Huppin’s readies second store for Wednesday opening

Chris DelPizzo helps stock the new North Division Street Huppin’s store Friday. The store opens Wednesday. (Christopher Anderson)

When Huppin’s Hi-Fi, Photo & Video opens its new store on North Division Street on Wednesday, the Spokane electronics retailer won’t bother renting one of those super-bright searchlights to call attention to the event.

The locally owned company is adding extra lighting inside the store, which company President Murray Huppin said is his way of making sure customers feel part of something modern, sleek and technologically hip.

Much like Apple’s retail stores, the second Huppin’s location is clean, well-lit and ultra-organized from edge to edge.

The store’s 8,500 square feet are laid out in modules, each with signs indicating which room is the “design center,” “audio center” or other choices.

Last week, walking through the store as work continued, Huppin decided the ceiling-mounted LED lights originally chosen weren’t bright enough.

He had other lights installed, saying, “We decided we needed more lights in there, to throw more illumination onto the main area.”

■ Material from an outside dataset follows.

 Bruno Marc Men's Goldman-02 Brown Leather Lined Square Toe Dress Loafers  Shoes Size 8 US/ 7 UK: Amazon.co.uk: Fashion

The company declined to say what it spent on buying and renovating the building at 8016 N. Division. Huppin visited numerous consumer electronics stores nationwide and tried to combine the best elements in this location, he said.

The building was once the home of Magnolia Hi-Fi, then became the Furniture Superstore. Huppin joined an LLC partnership that bought the building last year and began planning the remodeling.

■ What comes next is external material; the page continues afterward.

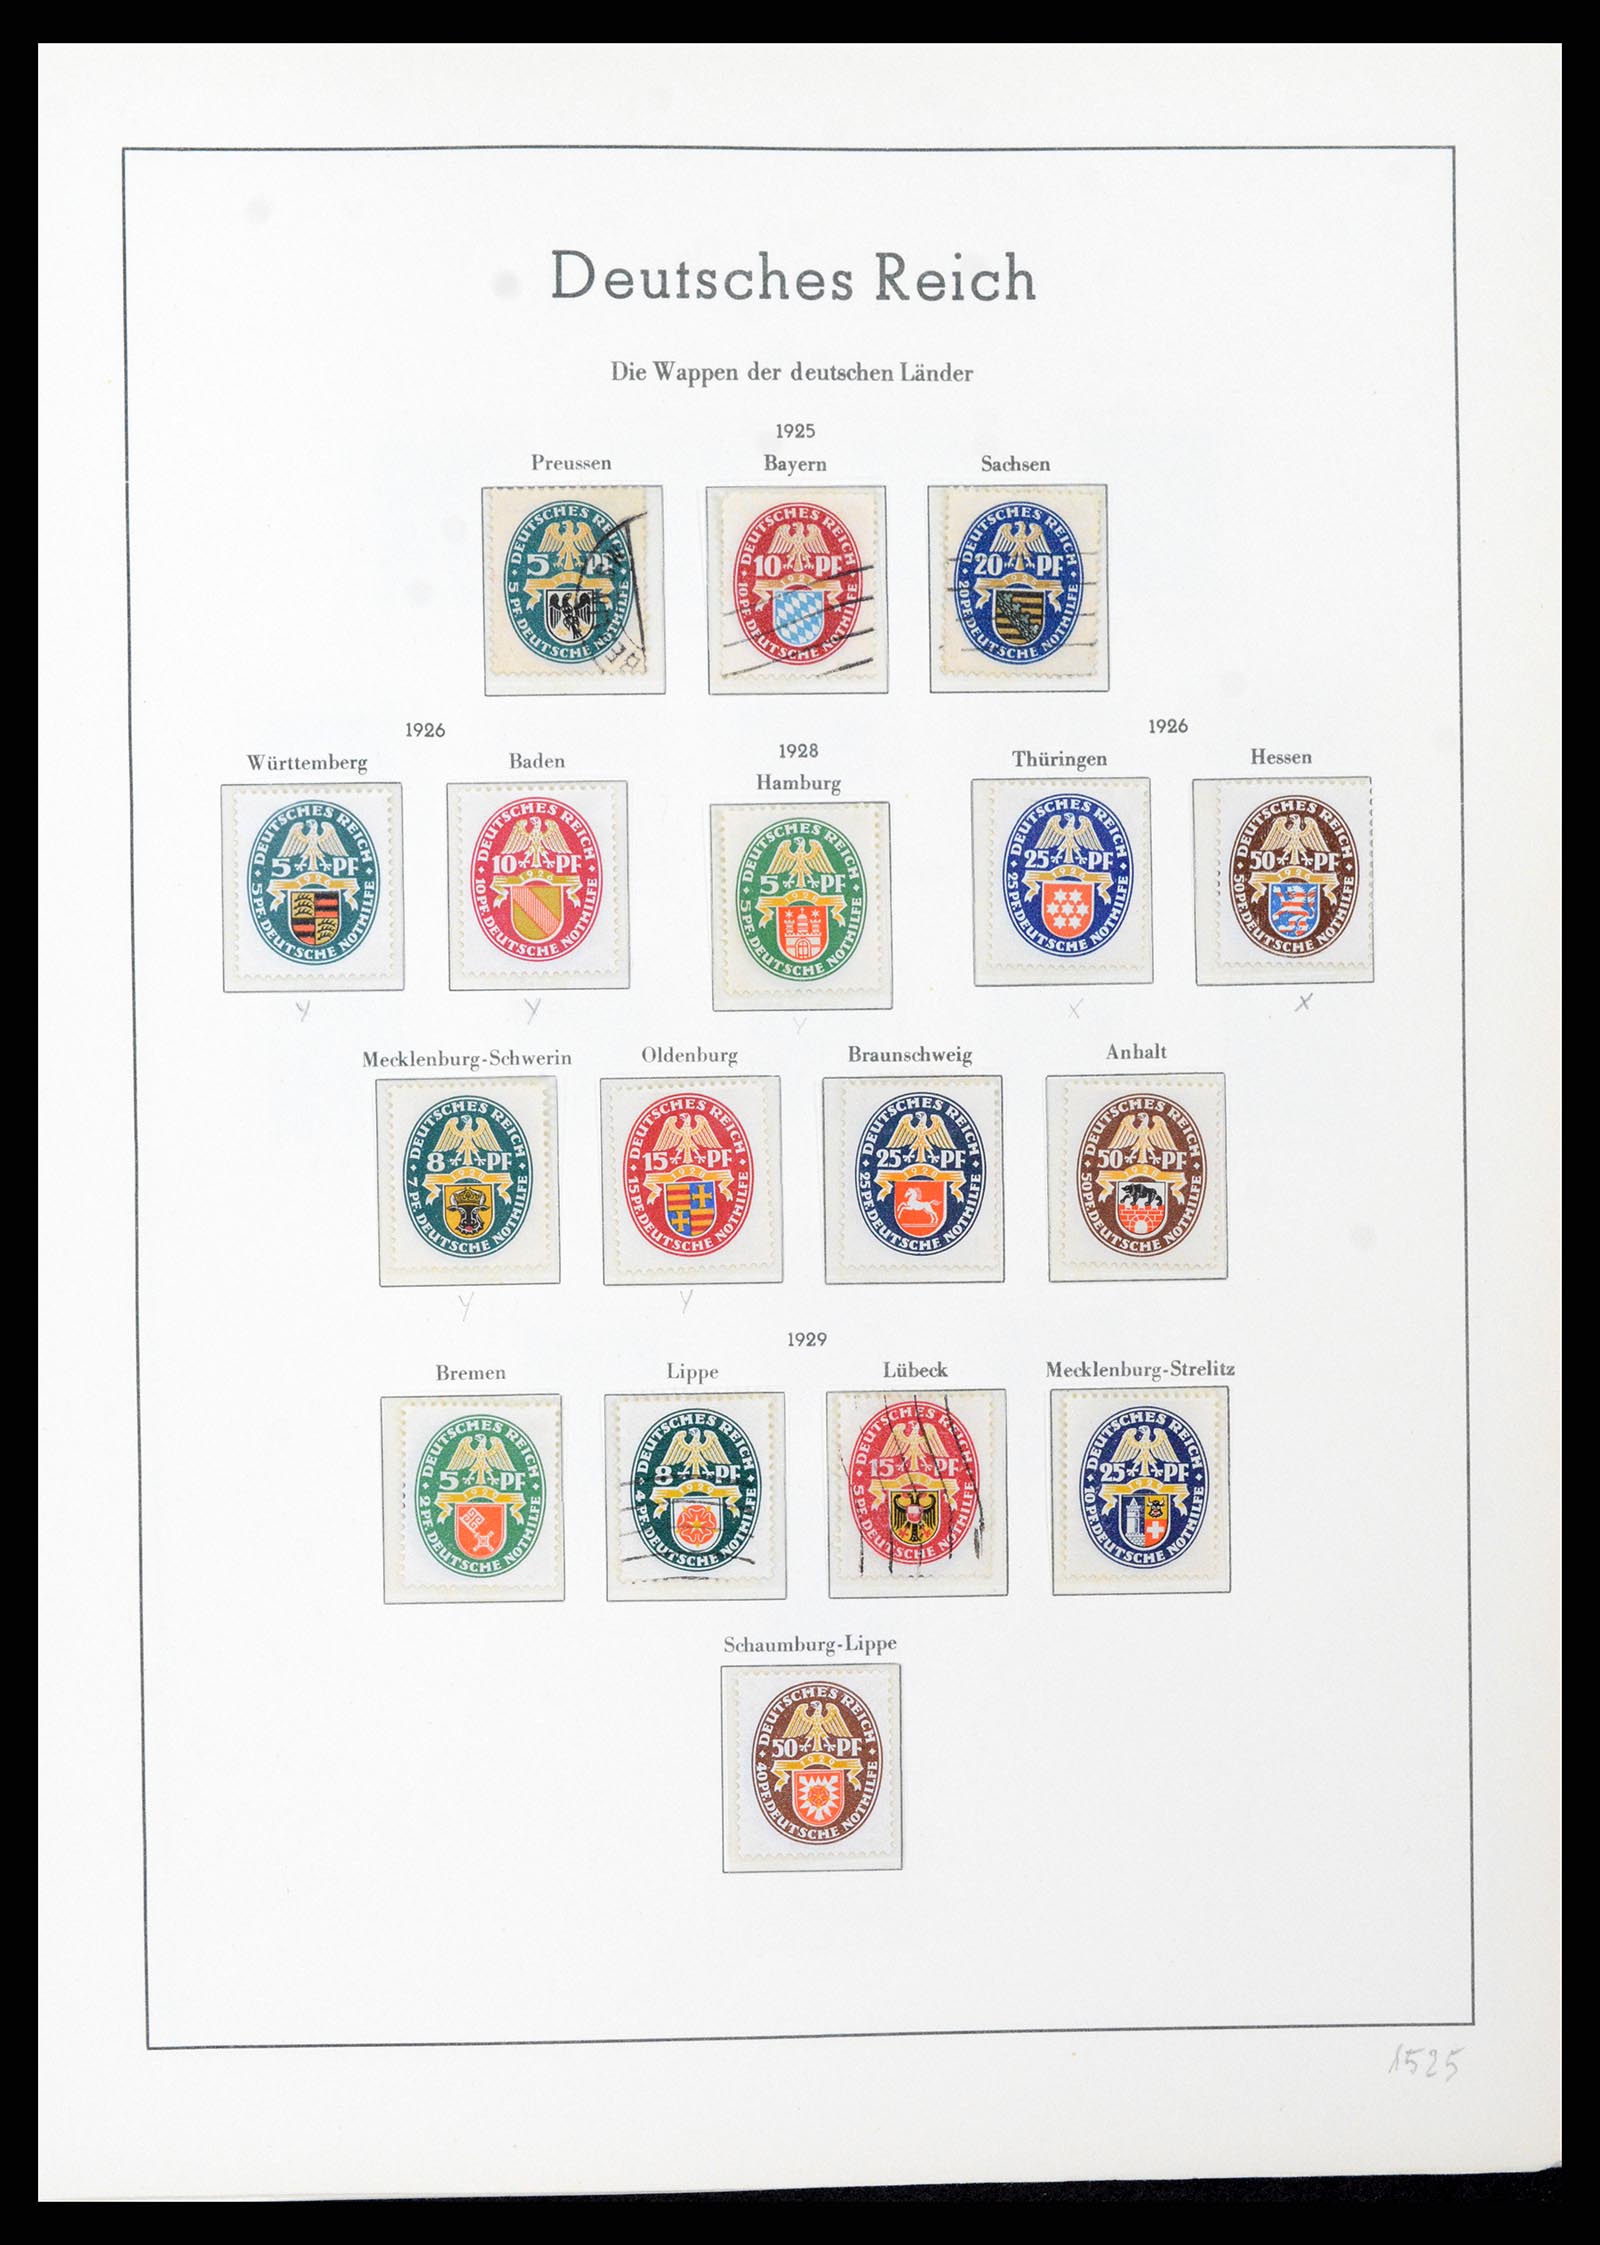 37589 038 - Stamp collection 37589 German Reich 1872-1945.

“We started with a plain shell, which gave us the chance to take the design to the next level,” Huppin said. Huppin’s downtown store, on West Main, has been cobbled together, he said.

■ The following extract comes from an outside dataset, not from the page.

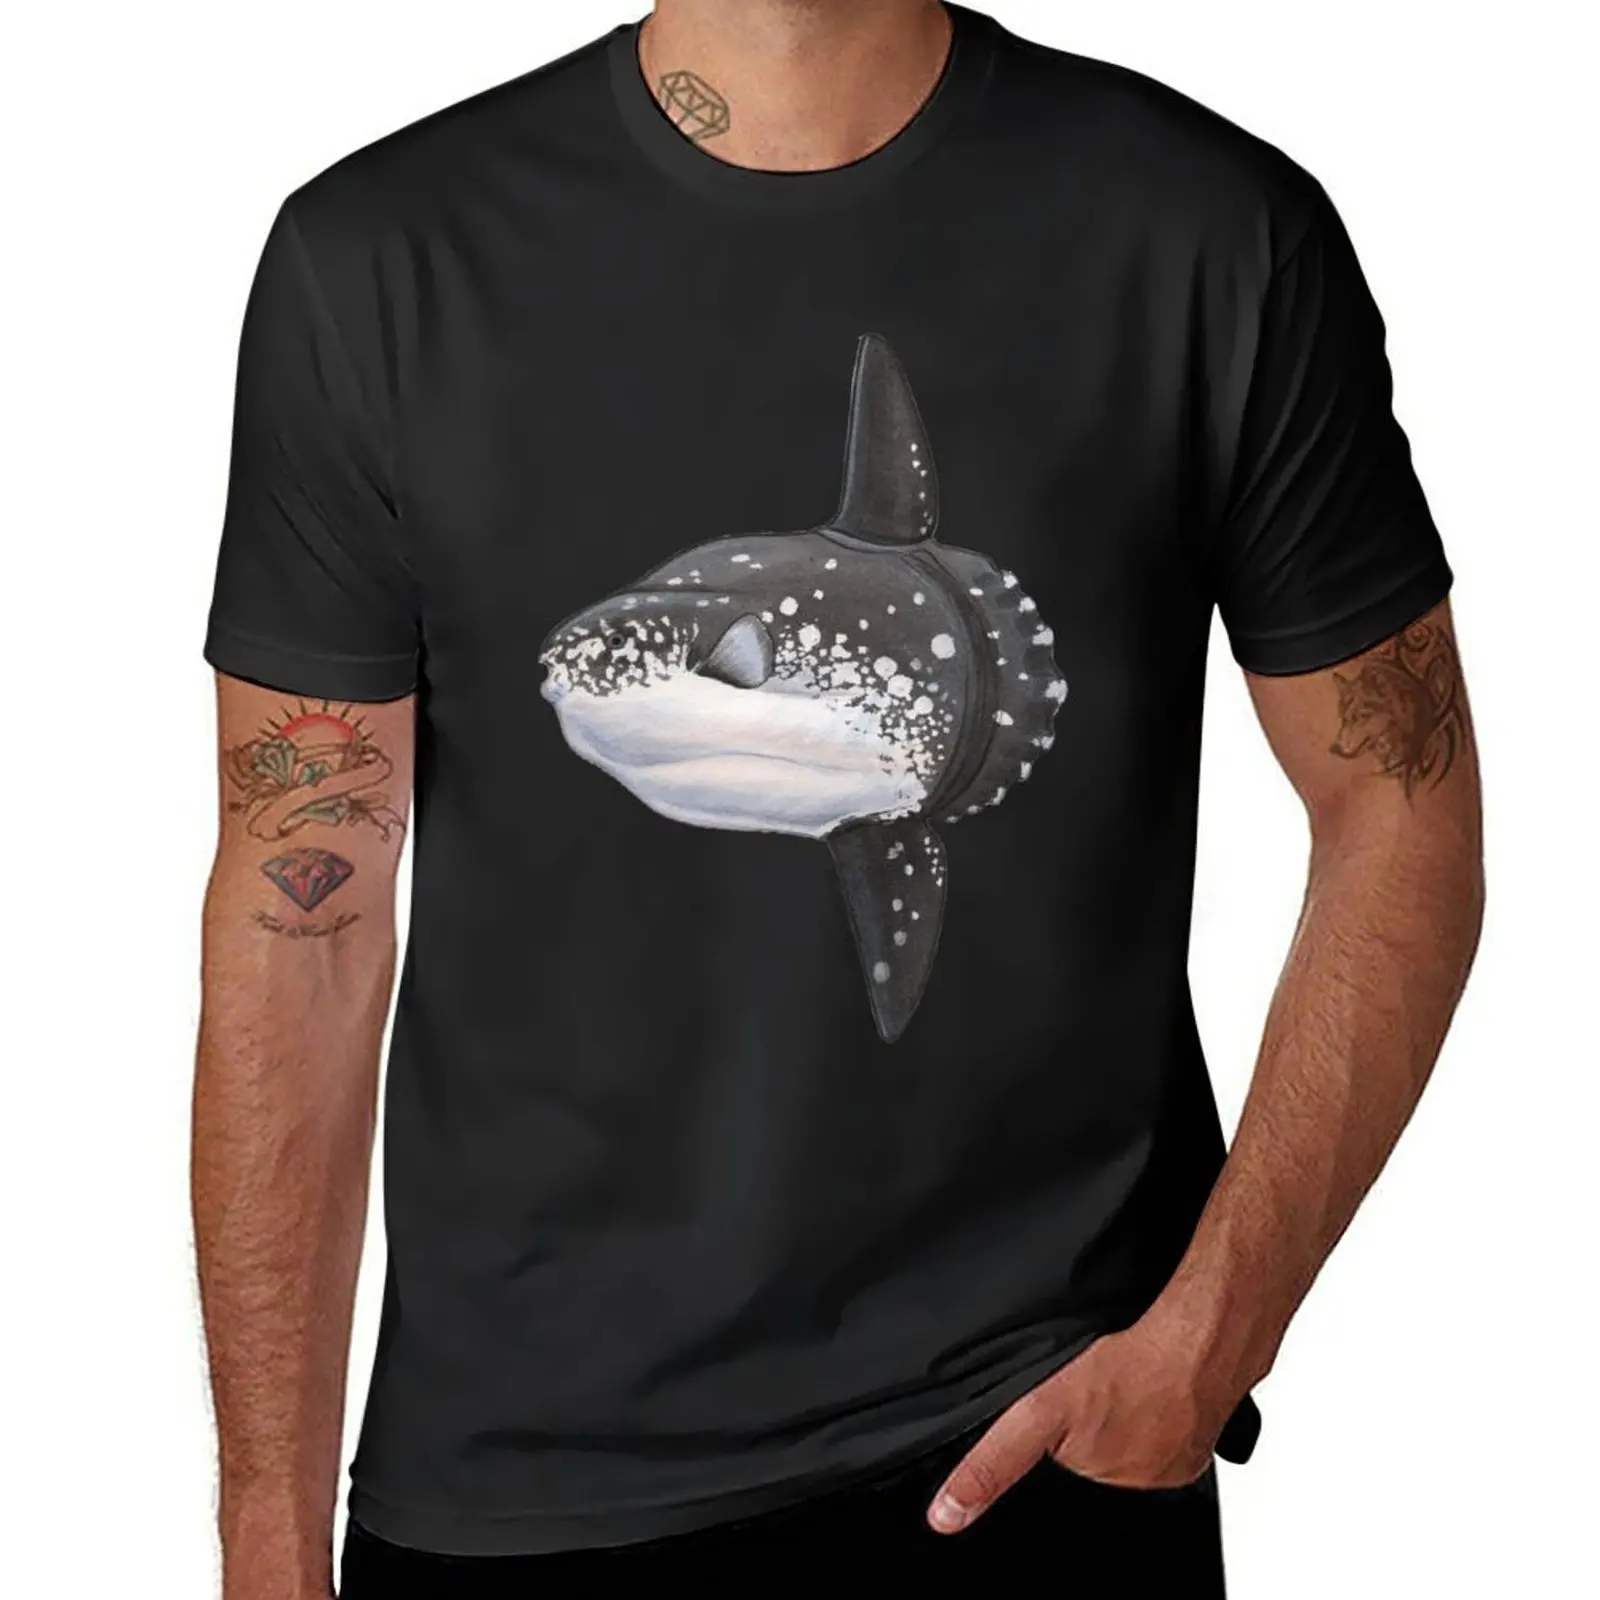 New Ocean sunfish, mola mola T-Shirt tops Tee shirt funny t shirt sublime t shirt designer t shirt men

“There are four separate old storefronts where our downtown store is now,” he said.

In the new store, two rooms showcase home theater systems and higher-quality HD TVs, speakers and accessories.

One large display is devoted completely to headphones; the store will stock more than 200 headphones, with many priced below $20 but ranging up to premium headsets like the Grado PS1000, which retails at $1,695.

That focus stems from market research that shows people now spend more per capita on headphones than on speakers, Huppin said. “The headphone business is all about fashion, style and motion,” he added.

Huppin said the store also will focus on showing customers how to use technology to share photos, music, video and information easily from one device to another.

The new store will have a staff of about 20 people.

Huppin said that the company still is “very committed to the downtown store,” noting that the two stores will offer essentially the same merchandise and service.

“One big difference,” he said, “is the North Division store will have 120 parking places.”